Focus on Strong Leadership towards Data Monetization
Finally, data monetization also demands committed leaders who can implement technological and organizational changes to create a significant new value proposition based on data. This is also necessary to avoid a lack of unaccountability with respect to data monetization as it often touches multiple departments. It is in any company’s best interest to have managers that implement best practices based on capturing the correct data and teaching staff how to utilize such to accomplish goals that outperform current objectives.
Conclusion
Data is more and more being viewed as a valuable resource that can be a significant source of competitive advantage and profit. Our review shows that there are various ways in which data can be used to create real financial value. Especially the external data monetization market is expected to grow significantly in the upcoming years and allows companies to access further revenue sources.

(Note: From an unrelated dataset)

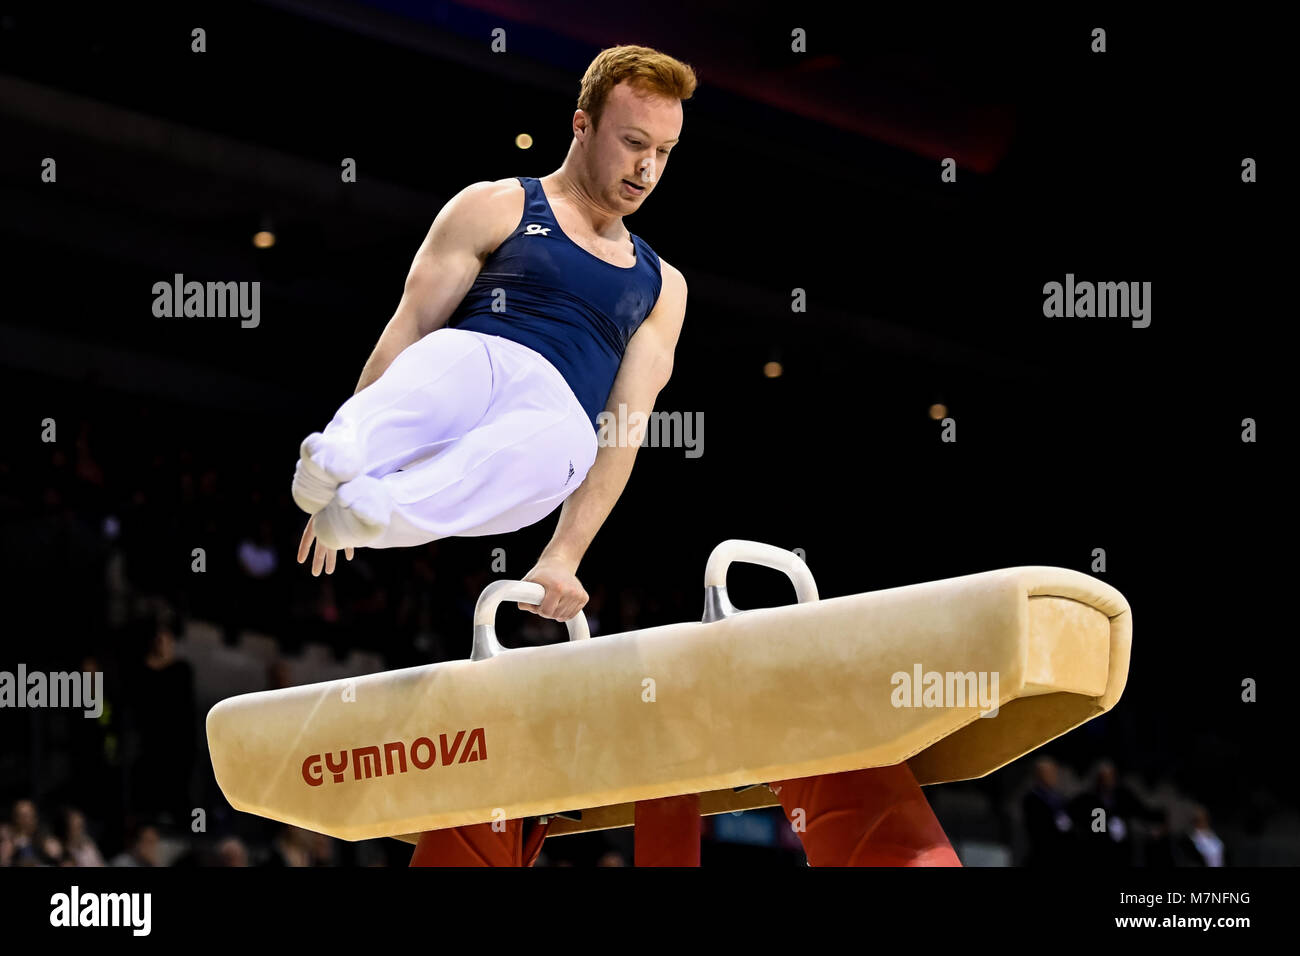 Echo Arena, Liverpool, UK. 11th Mar, 2018. Tony Duchars competes on the Pommel Horse during the WAG Senior Apparatus Final/MAG Masters of the 2018 Gymnastics British Championships at Echo Arena on Sunday, 11 March 2018. LIVERPOOL ENGLAND. Credit: Taka G Wu Credit: Taka Wu/Alamy Live News Stock Photo

However, major obstacles like an unclear and shattered legal environment as well as company internal data accessibility and quality issues hinder the current development. Managers can use data value chain models like the one developed by Faroukhi et al. (2020a) as a guideline to move from internally available data to insight and value to be monetized. Furthermore, managers should adopt a product management mindset for data and focus on strong leadership to manage to change to a more data-driven business model.